View From Abroad: Europe, India and Modi — could be starting overArchive
IT has taken one year, but Indian Prime Minister Narendra Modi has finally signalled an interest in reviving ties with the European Union. And the EU is ready to reciprocate, albeit cautiously.
India has in fact long been the big gap in the EU’s outreach to Asia. While India and the EU declared that they were strategic partners some years ago, the relationship has never really taken off.
Indians complained the EU was distracted by problems at home and its focus on China. Europeans said India was too mesmerised by the US to pay attention to Europe. Contacts between the two sides were desultory, slow-moving and lacklustre.
Finally, after a year-long wait, it looks like this could change. Whether it is his “Make in India” campaign or plans for “Digital India” and “smart cities”, Modi knows he needs European know-how and money. Europe, for its part, is eager to be involved in the massive overhaul of the Indian economic system that the prime minister is promising.
Modi’s warm embrace of foreign partners could soon therefore also extend to the EU and not just national European governments. To make the Delhi-Brussels rapprochement sustainable, action is required in some important areas.
First, after a year of little or no high-level contact, Delhi and Brussels must resume negotiations on the much delayed Bilateral Trade and Investment Agreement (BTIA), a comprehensive deal covering all areas in goods, services and public procurement in both markets. Once signed, the agreement could act as an important launching pad for increased European investments in India.
Second, India’s new economic programme opens up fresh avenues for increased EU-India alliance which go beyond the two sides’ traditional interaction. This could include cooperation in areas where both sides have a strong economic interest such as infrastructure investments, sustainable urbanisation, innovation and synergies between “Digital India” and the EU’s agenda for a Digital Single Market.
Third and most importantly, there are hopes that EU and Indian leaders could meet for summit talks, possibly in November this year to coincide with the G20 summit in Antalya, Turkey. With no bilateral summit held over the last three years — the last such gathering was in February 2012 in Delhi — the EU-India relationship is in desperate need of renewed political direction to give it a new lease of life.
Both sides agree that EU-India relations need to be broadened to include a “beyond-trade” agenda — and that Modi’s wide-ranging modernisation programme offers ample opportunities for such new synergies. Realistically, however, a quick relaunch of the stalled BTIA negotiations is required to get the relationship back on a constructive track and for discussions to begin in new areas.
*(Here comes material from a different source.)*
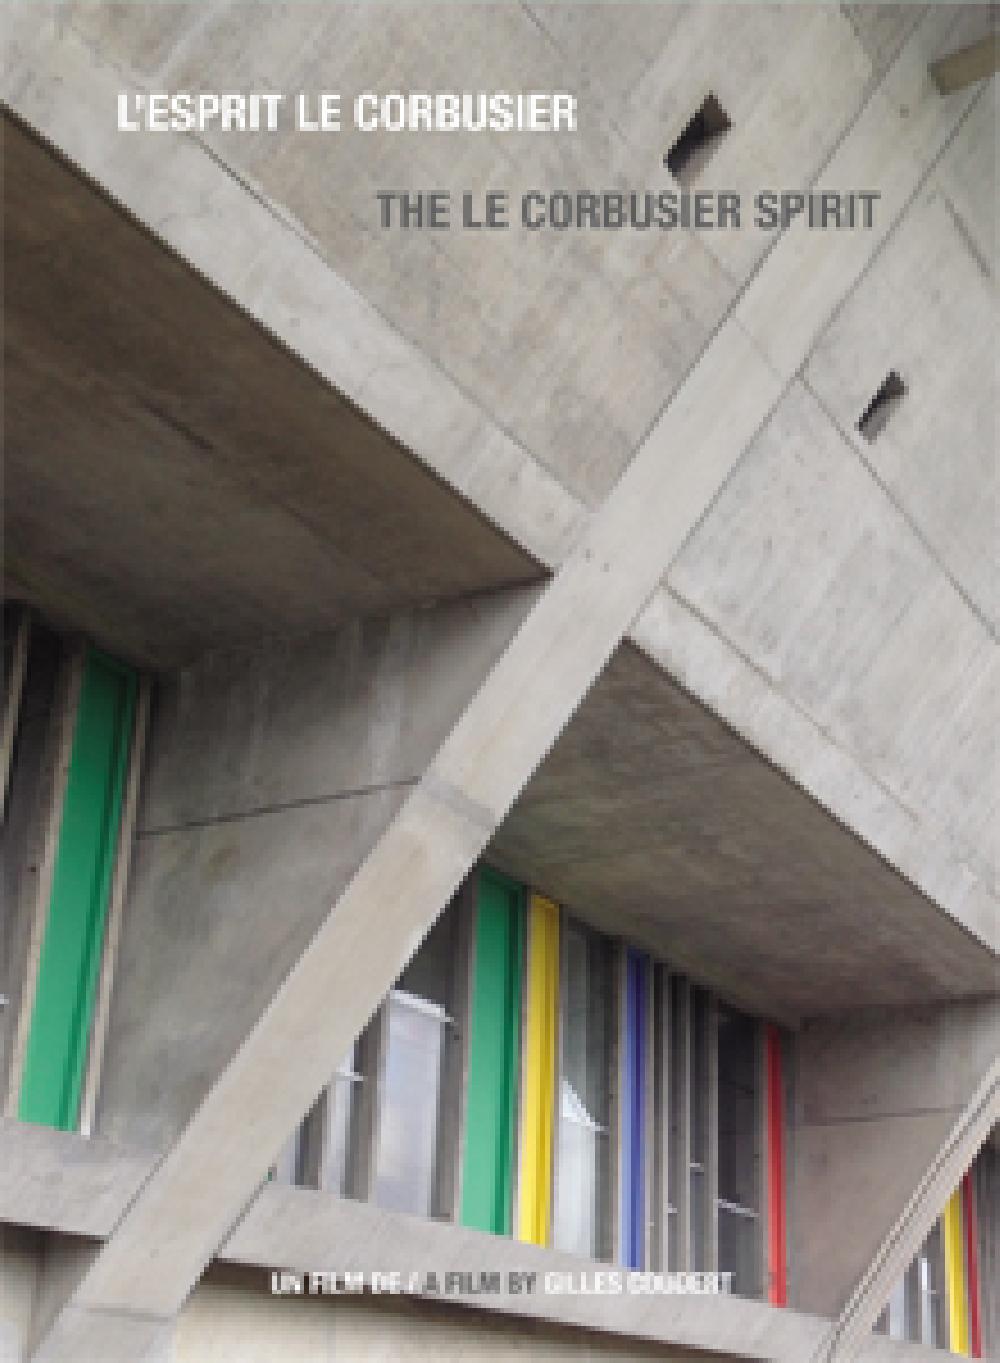 The Corbusier spirit

This may now happen. EU Trade Commissioner Cecilia Malmström and Indian Commerce Minister Nirmala Sitharaman, who met on the margins of an OECD meeting in Paris on June 4, have agreed to restart the BTIA talks as soon as possible. Contacts are expected to resume soon, leading to cautious hopes that the deal — eight years in the making — will finally be clinched early next year.
The EU has made clear that it is targeting the emerging well-off Indian middle class for enhanced market access in automobiles, wines and spirits, and cheese. Brussels is also calling for reform in Indian laws on intellectual property rights, trade and environment, trade and labour, and wants liberal access in insurance, banking and retail trade. India, for its part, is insisting on more labour mobility, professional work visas and recognition as a data-secure country to attract more European investments in its high-tech sector.
With two-way trade estimated at around €72.5 billion in 2014 while the EU’s investment stock in India was €34.7 billion in 2013, there is certainly ample room for improvement. But agreement on BTIA will require that both sides summon up the political will to look beyond the array of technical issues to the deeper strategic importance of their relations.
In order to get India and the EU talking to each other on these and other equally interesting topics, Modi’s can-do spirit needs to filter down to different, less adventurous echelons of the Indian bureaucracy. The European External Action Service, meanwhile, must work in tandem with the European Commission’s trade and other departments to hammer out a fresh EU-India agenda for action which looks at new areas and interests. Such an action plan should be short, snappy and action-oriented, rather than the long wish list which the EU traditionally draws up with and for its partners. Hopefully, Such a pithy document could then be approved at the EU-India summit later this year.
Above all, both sides must take a fresh look at each other. European member states have already recognised the importance of India, both as a regional actor and an influential global player. It is time the EU institutions shed their reservations and engaged with India as an increasingly powerful 21st century partner.
Equally, India should recognise that while relations with national European governments are important, the EU also has much to offer. It would be a pity if the full potential of EU-India ties were to remain untapped and unexplored for another long period.
—The writer is Dawn’s correspondent in Brussels.